Copy everything in the data below exactly except the pictures.

BEGIN Source material

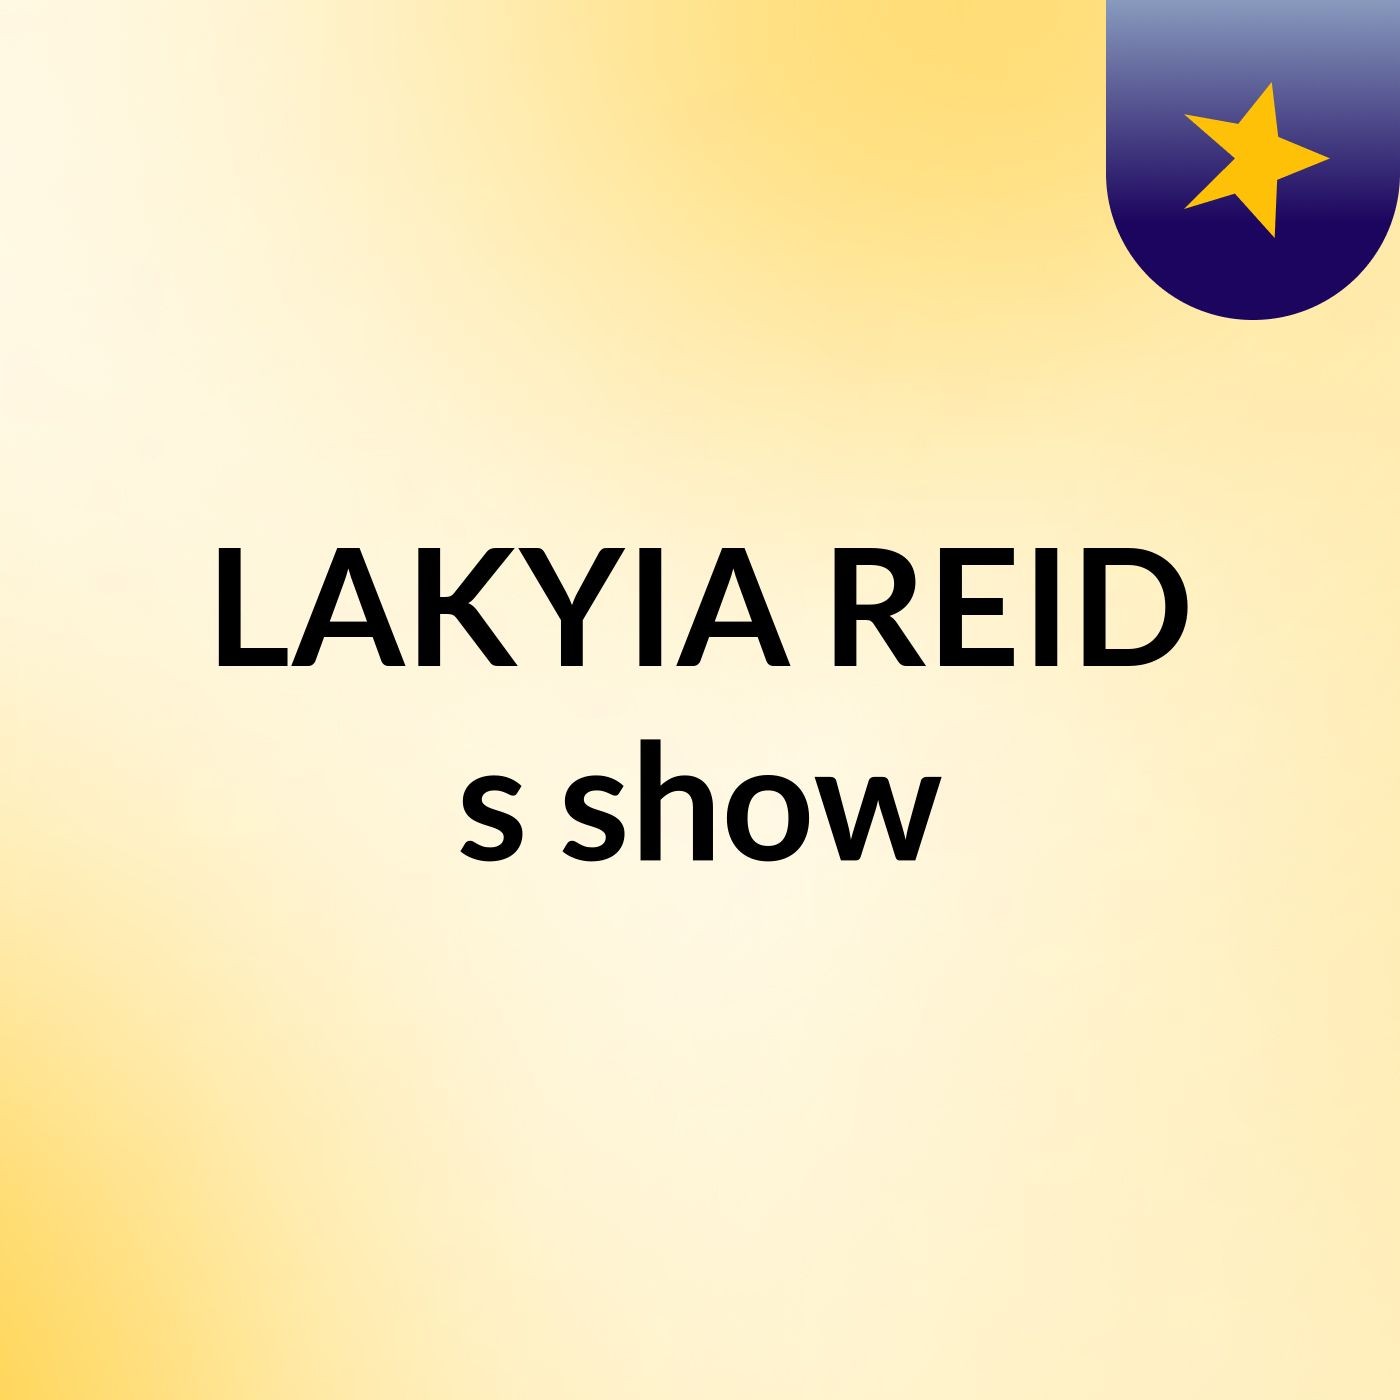 LAKYIA REID's show
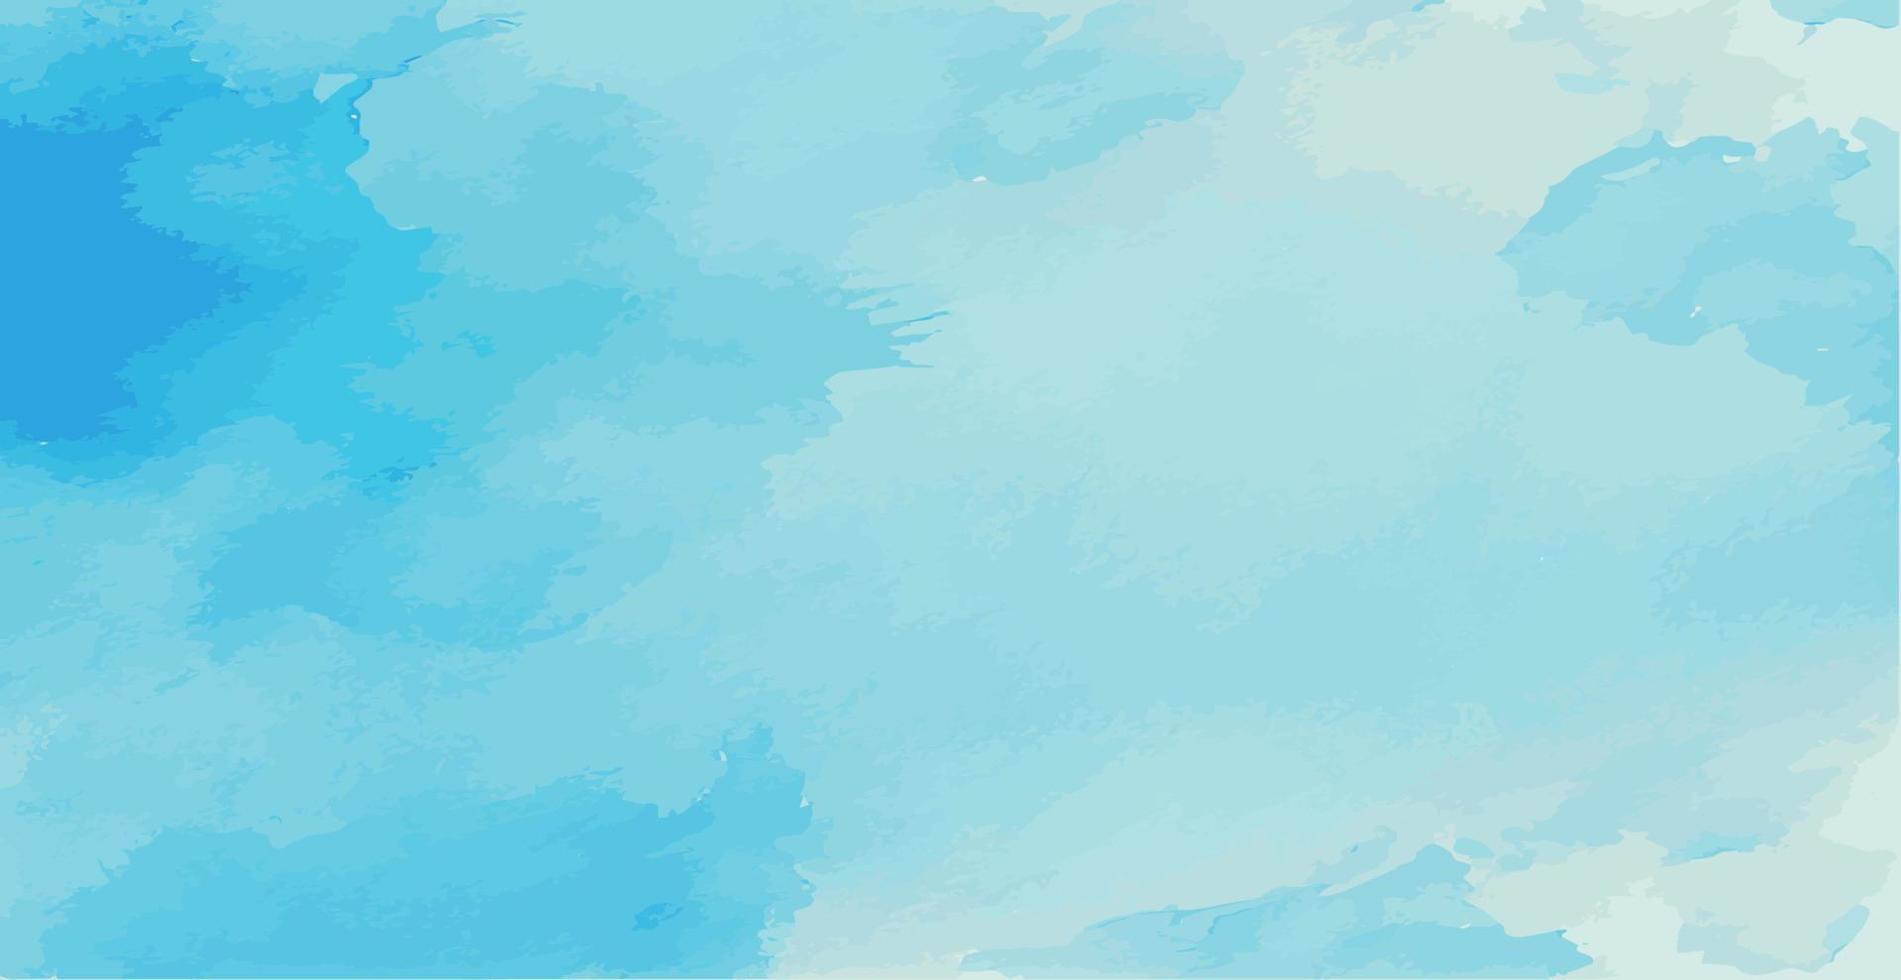 textura panorâmica aquarela azul realista sobre fundo branco - vetor
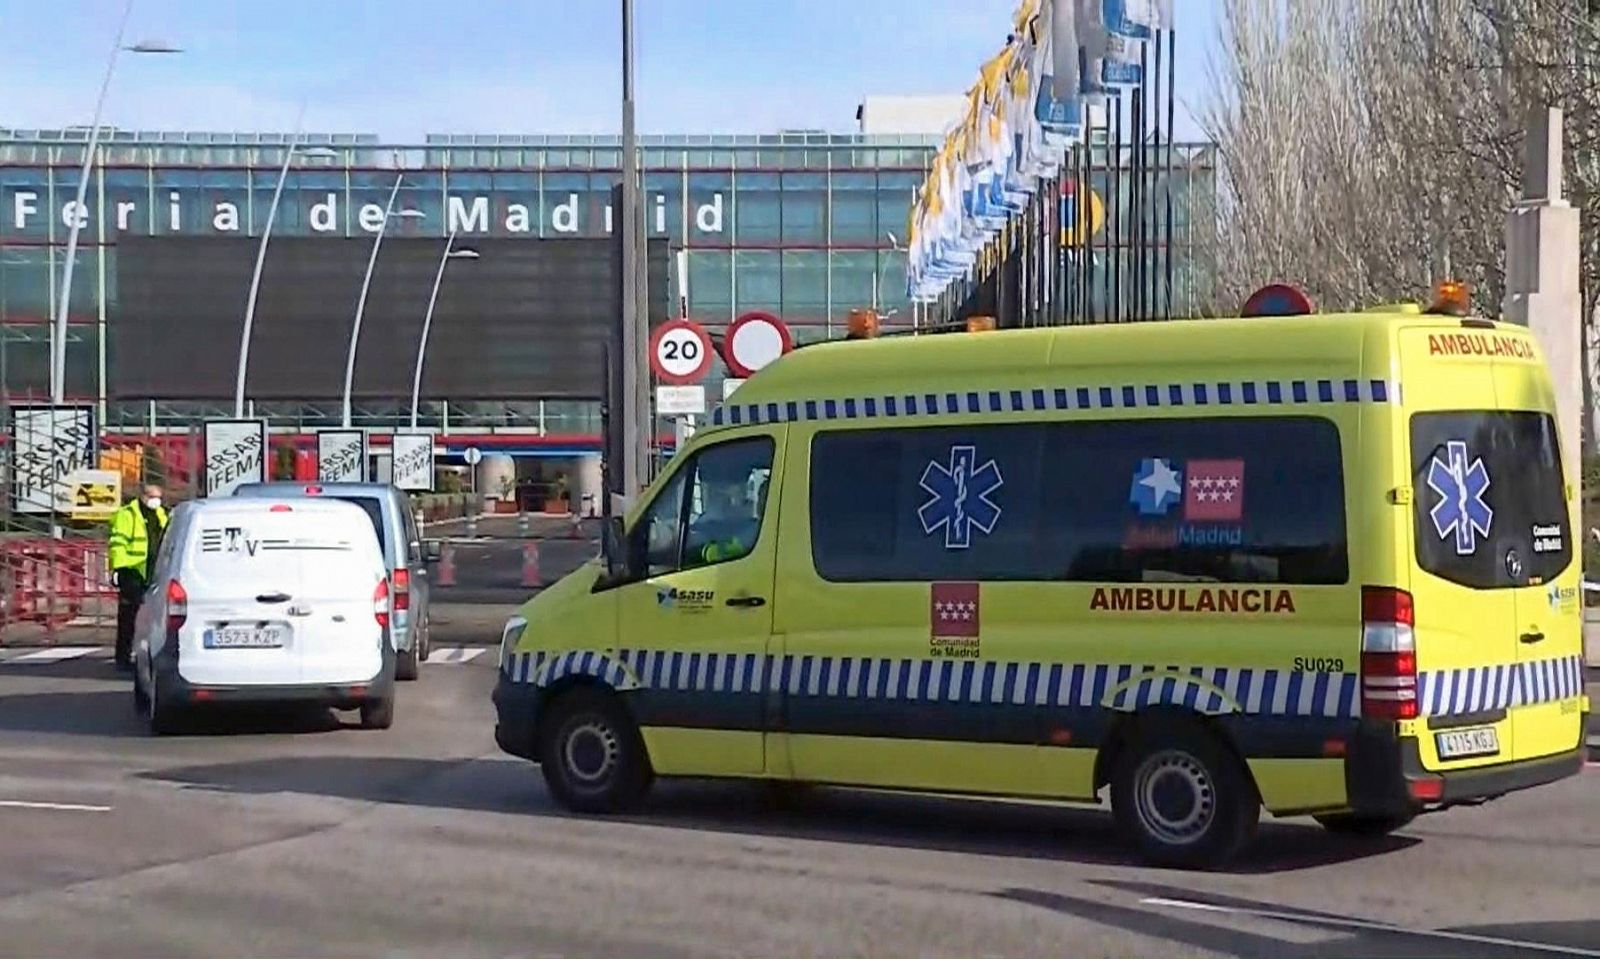 Imagen: Entrada del recinto ferial de Madrid (IFEMA) donde se ha instalado un hospital de campaña
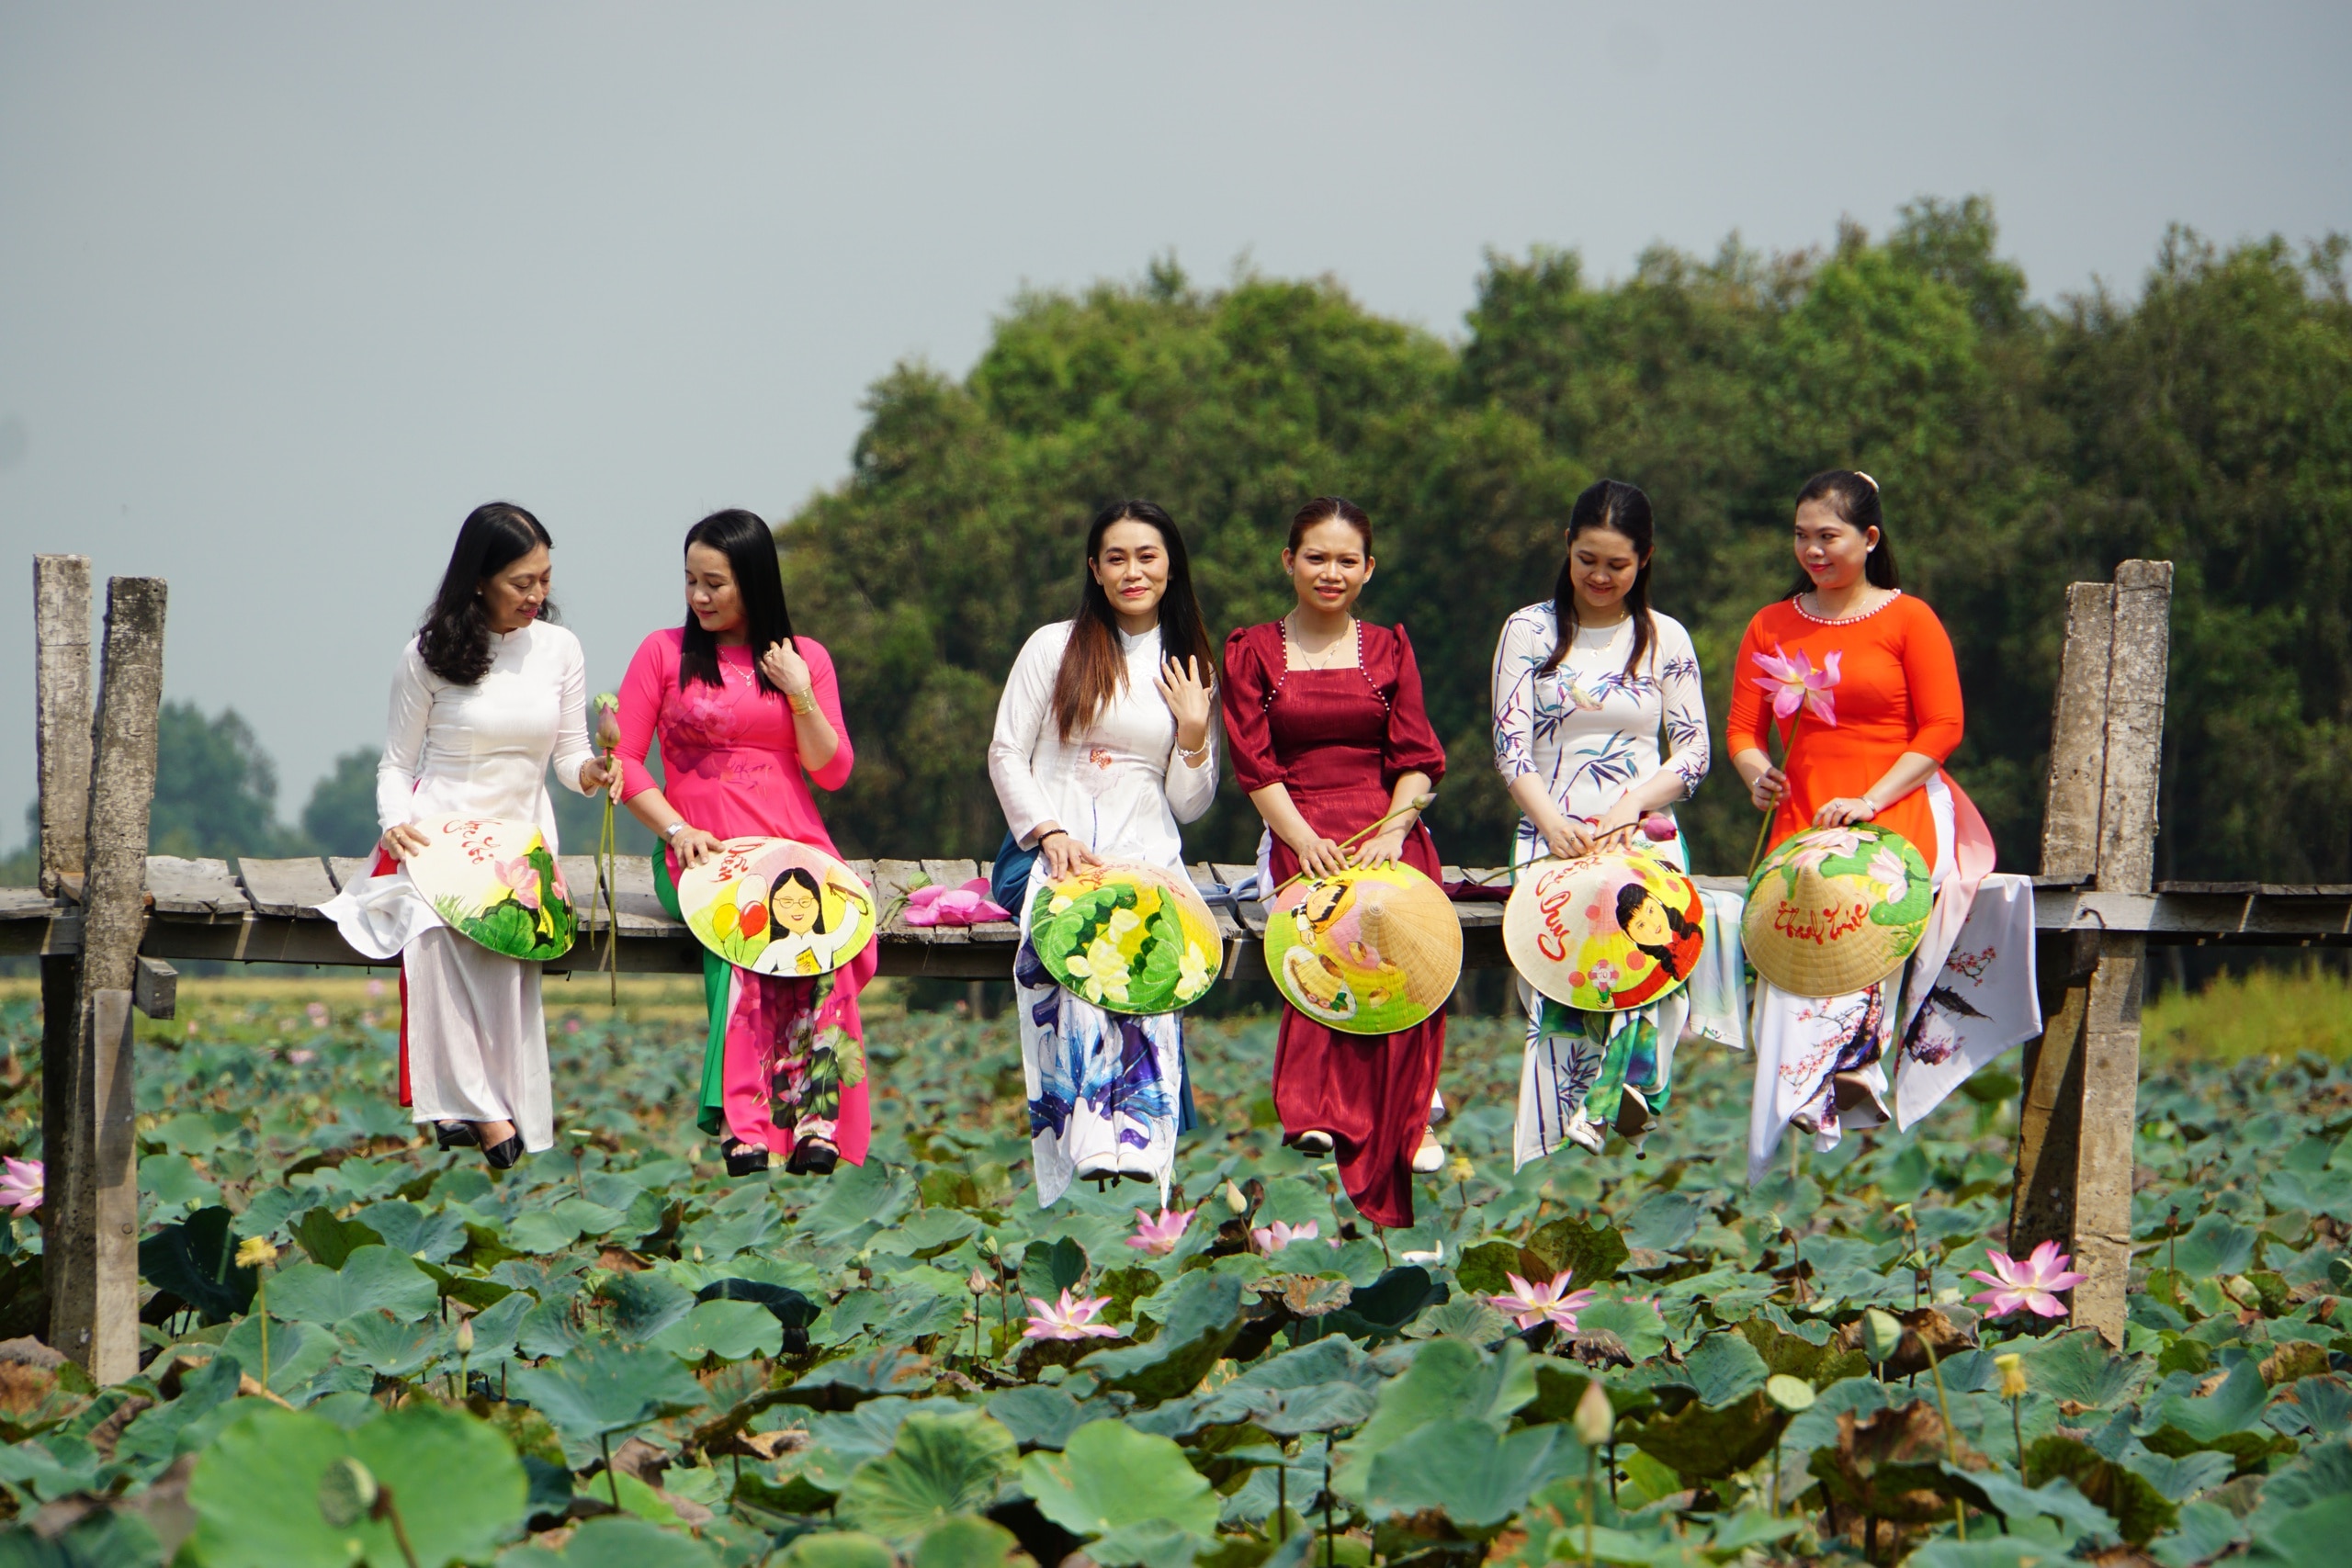 Los turistas toman fotografías en el campo de lotos de Thap Muoi (Dong Thap)

END Source material

# Task result
 LAKYIA REID's show
 textura panorâmica aquarela azul realista sobre fundo branco - vetor
 Imagen: Entrada del recinto ferial de Madrid (IFEMA) donde se ha instalado un hospital de campaña
 Los turistas toman fotografías en el campo de lotos de Thap Muoi (Dong Thap)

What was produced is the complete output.